- Mainok attack: Part of the Boko Haram insurgency
| Date | 25 April 2021 |
| Location | Mainok, Borno State, Nigeria |
| Result | ISWAP victory |

Belligerents
- Nigeria: ISWAP

Casualties and losses
- 33 soldiers killed: Unknown

= 2021 Mainok attack =

Boko Haram attack in Northeast Nigeria

On 25 April 2021, a large group of ISWAP insurgents killed 33 soldiers in Mainok, a town 36 mi west of Maiduguri in Borno State, Nigeria.

== The terror attacks ==
Wearing military camouflage, the militants arrived in four mine-resistant trucks, a scorpion armored personnel carrier, and several gun trucks. They split into three groups before attacking the army base. At the base, ISWAP destroyed a T-55 battle tank, a BTR-4EN, and stole several MRAPs. The attackers fled to their camp around the Lawan Mainari axis, as the air force carried out airstrikes against them. When the ISWAP terrorists were confronted with military planes heading towards them to attack them, they set fire to the police station in Mainok in a rage and then fled to the primary school there.

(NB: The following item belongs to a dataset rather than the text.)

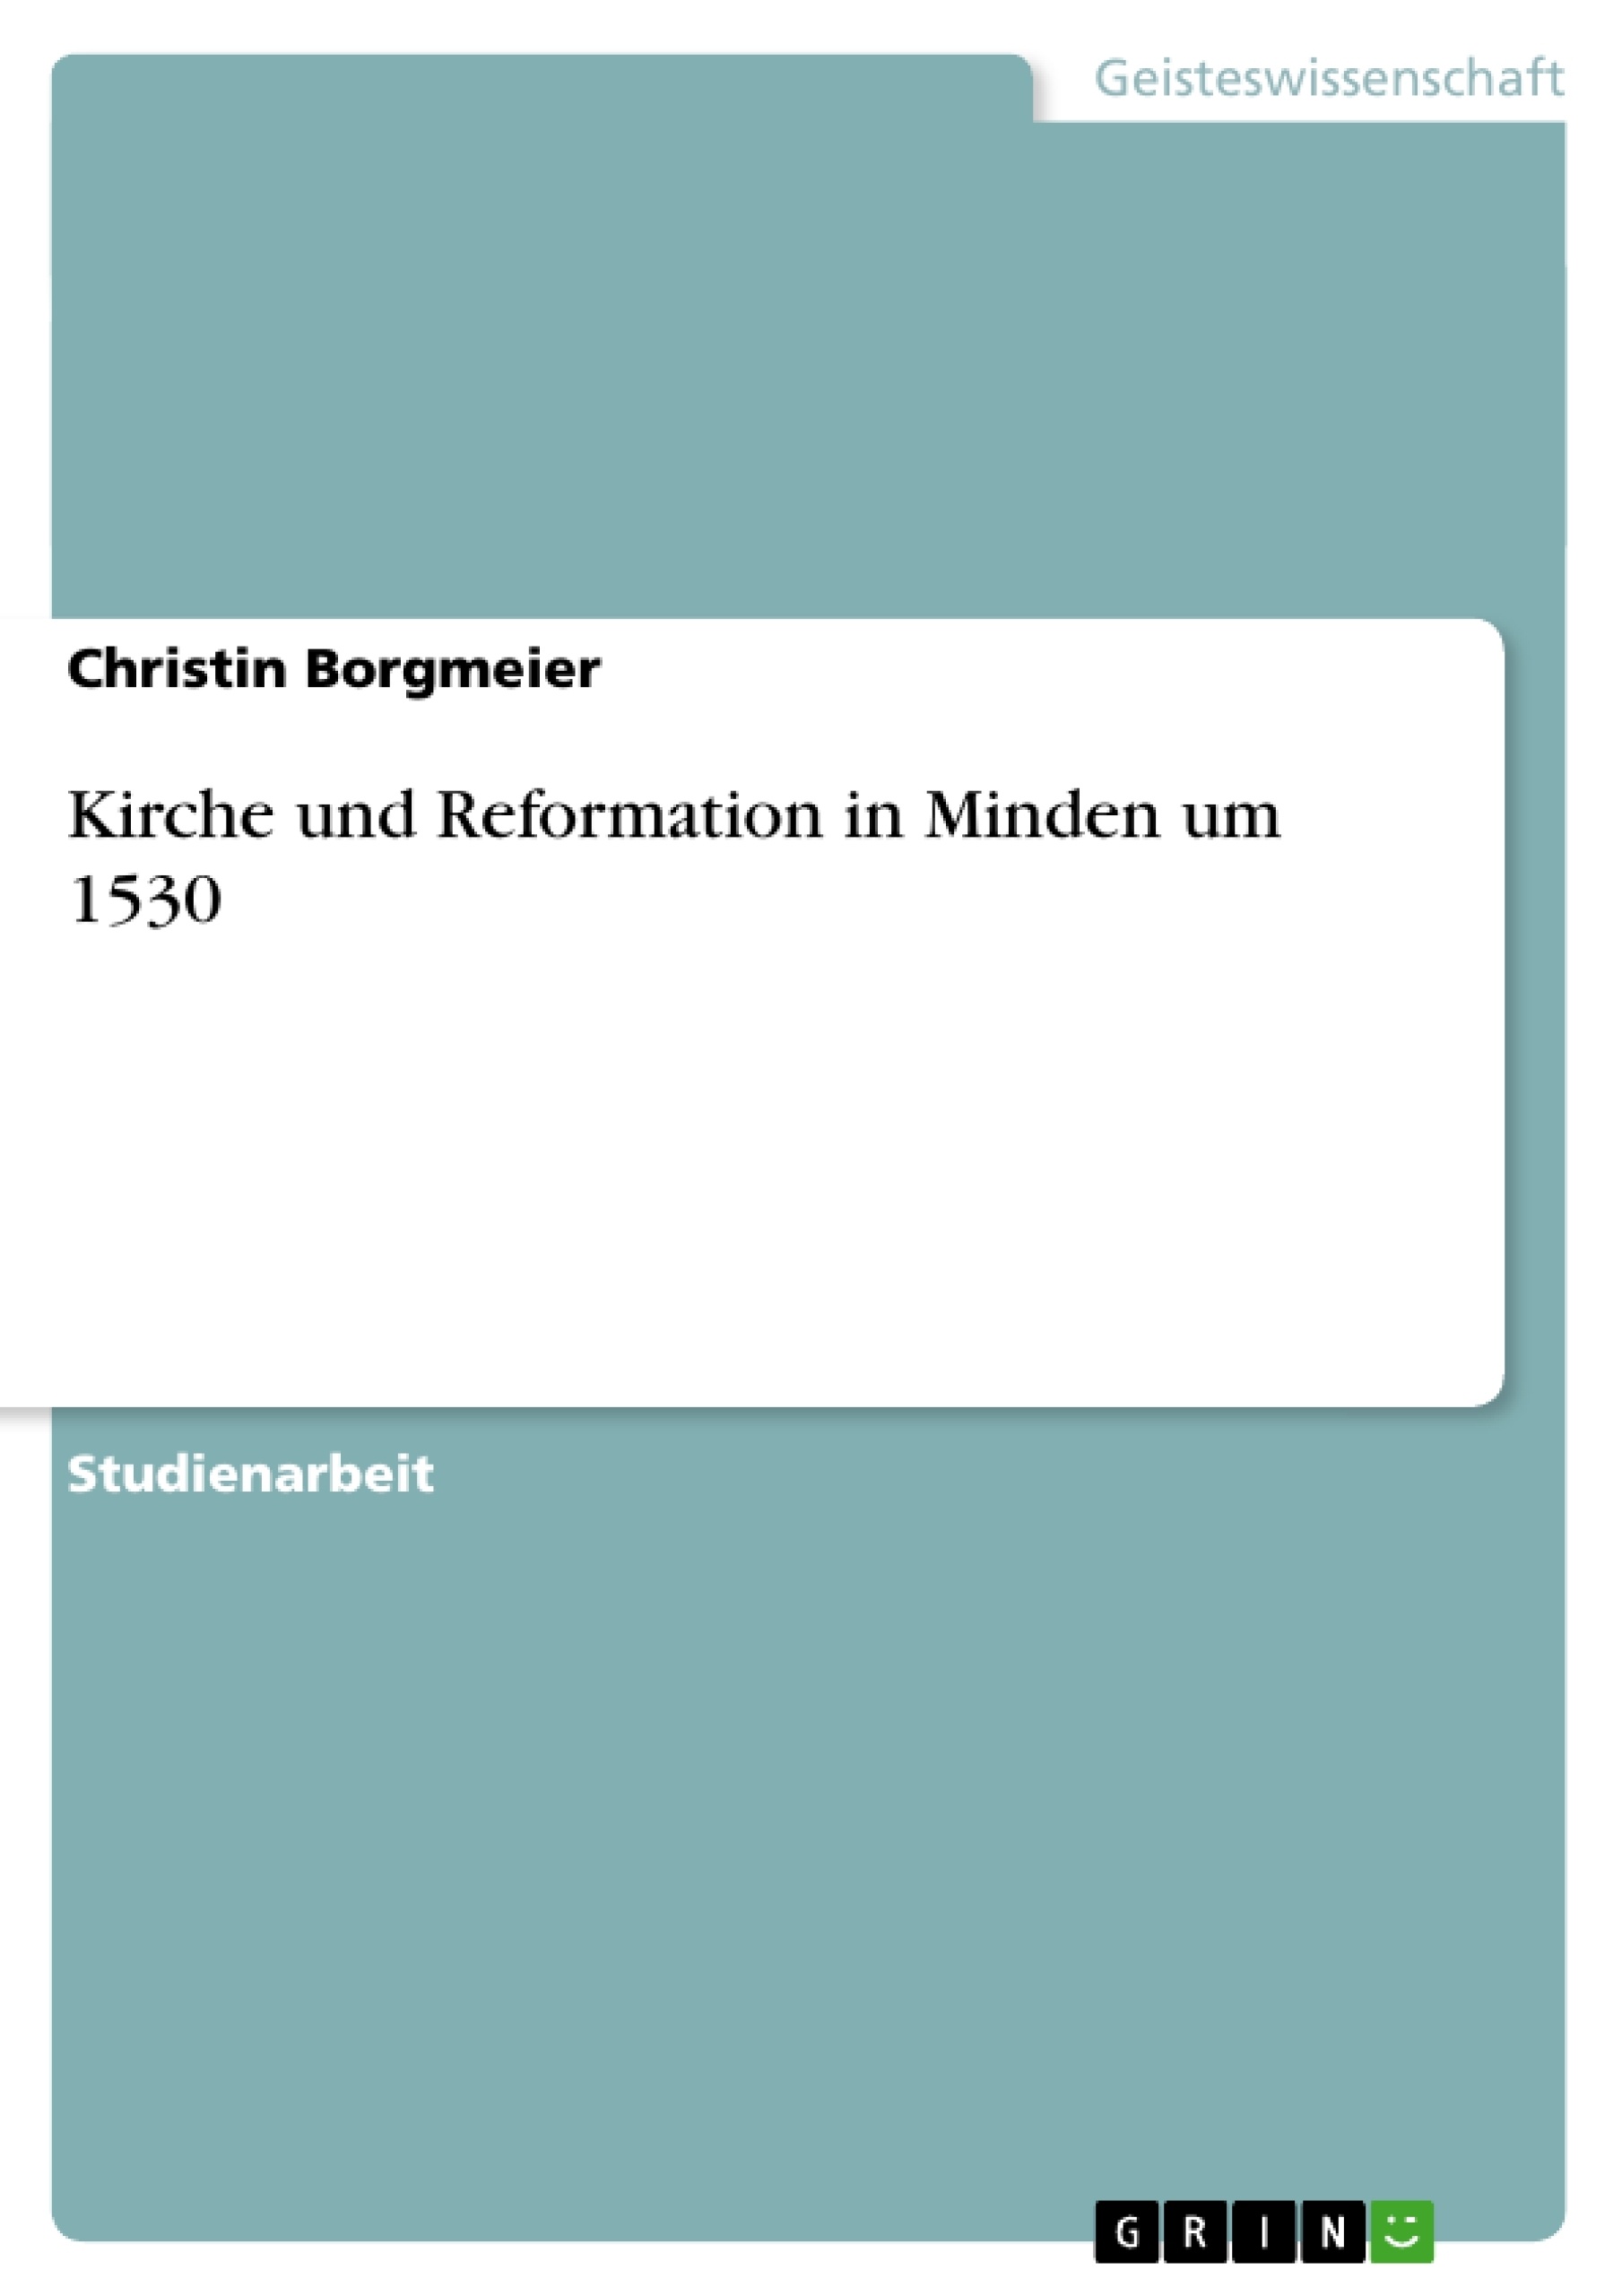 Title: Kirche und Reformation in Minden um 1530

When soldiers arrived from Damaturu in response, ISWAP ambushed the reinforcements, killing three, injuring nine, and stealing a MRAP. An air force drone accidentally bombed a vehicle belonging to the army, killing 20.

== Afterfights ==
The attack was followed by prolonged and unrelenting fighting in the towns of Geidam, Kumuya and Buni Gari in Yobe province. Intelligence, Surveillance and Reconnaissance (ISR) platforms were deployed in the sky by the NAF.